More sensitive data, such as human resources or customer information, can be classified in a way that shows that disclosure has a higher risk. Information data, such as those used for marketing, would be classified as a lower risk. Data classified at a higher risk can create security and access requirements that do not exist for lower risks, which might not require much protection altogether.

Data classification helps ensure that the data is protected most cost-effectively.

The classification is different in every company, but in general, there are two main groups:

Now, we understand the importance of Data Classification. Immediate question would be What would be the Criteria to classify the Data into the categories as mentioned above? Below are some of the general consideration points that can be utilized for classification of Data.

Data Classification Criteria

After the classification scheme is identified, the organization must create the criteria for setting the classification.

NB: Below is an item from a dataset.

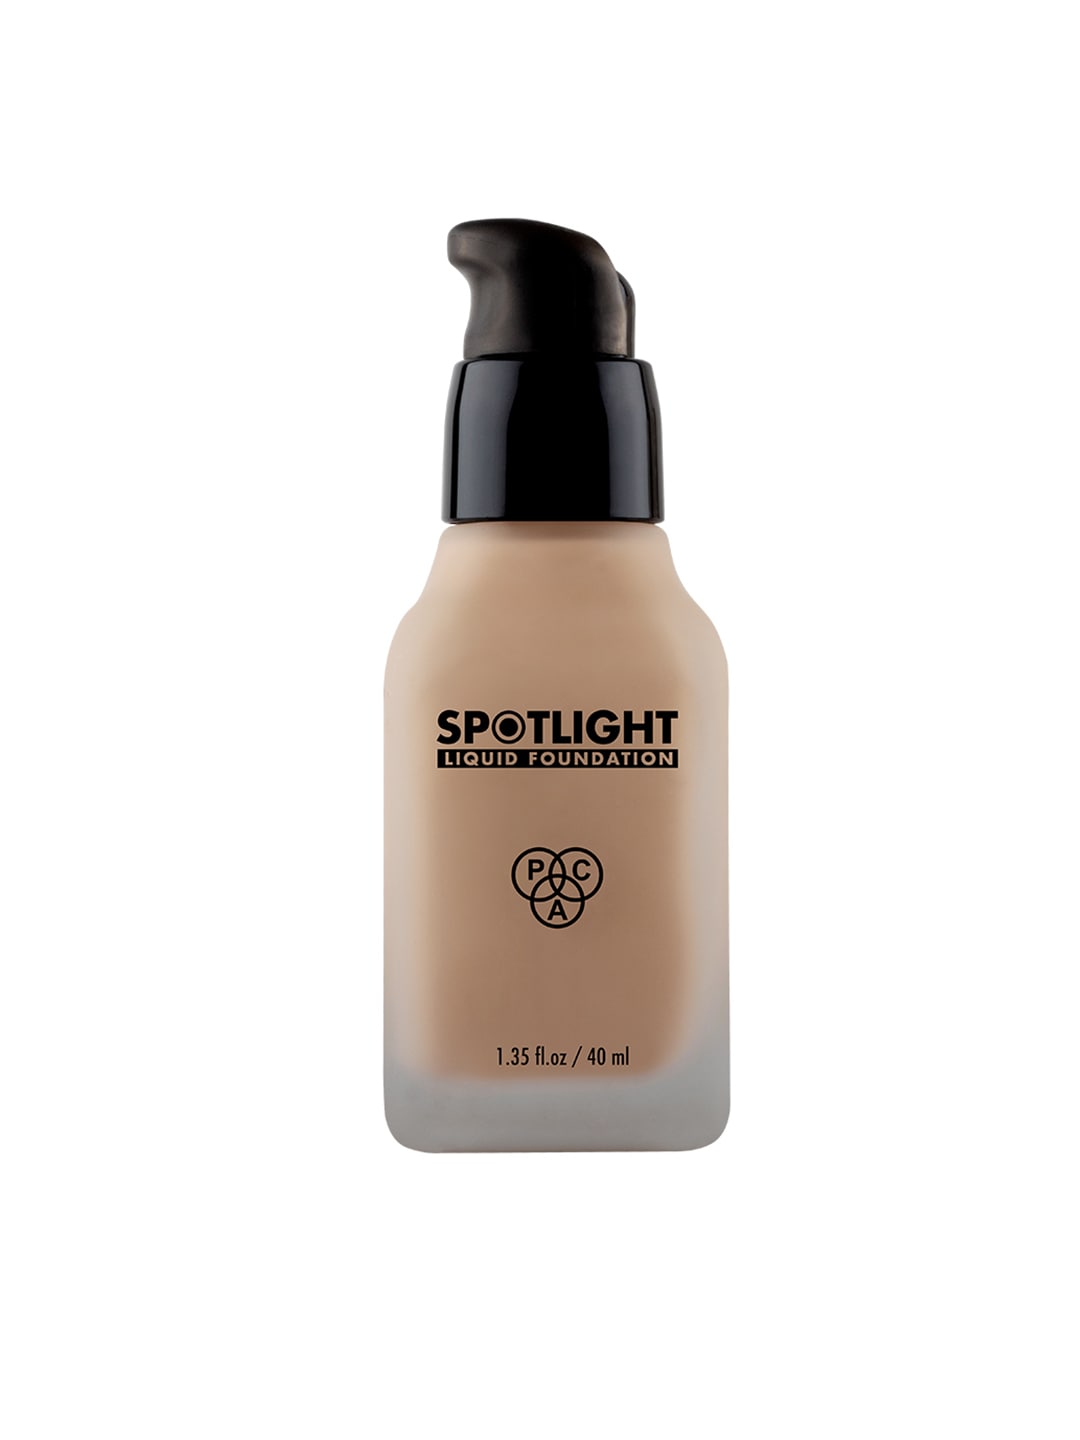 PAC Spotlight Waterproof Liquid Foundation with Hyaluronic Acid 40ml - Moon Mist 08 Price in India

No established guidelines exist for setting the requirements, but some considerations are as follows:

  • Who should be able to access or maintain the data?
  • Which laws, regulations, directives, or liability might be required in protecting the data?
  • For government organizations, what would the effect on national security be if the data were disclosed?
  • For non-government organizations, what would the level of damage be if the data was disclosed or corrupted?
  • Where is the data to be stored?
  • What is the value or usefulness of the data?

And the final step would be “How do we Implement this”? Refer to the below steps to implement Data classification in your organisation.

Data Classification Procedures

  1. Identify Data custodian responsible for maintaining data and its security level and define responsibilities
  2. Specify the criteria of how the information will be classified and labelled.
  3. Specific the owner set of the classification
  4. Document exceptions
  5. Select the security controls that will be applied to each classification level.
  6. Procedures to declassifying the data
  7. Create Security awareness program

Case Study:

Data that is top secret includes weapon blueprints, technology specifications, spy satellite information, and other military information that could gravely damage national security if disclosed. Data that is secret includes deployment plans, missile placement, and other information that could seriously damage national security if disclosed. Data that is confidential includes strength of forces in the United States and overseas, technical information used for training and maintenance, and other information that could seriously affect the government if unauthorized disclosure occurred. Data that is sensitive but unclassified includes medical or other personal data that might not cause serious damage to national security if disclosed but could cause citizens to question the reputation of the government. Military and government information that does not fall into any of the four other categories is considered unclassified and usually has to be granted to the public based on the Freedom of Information Act.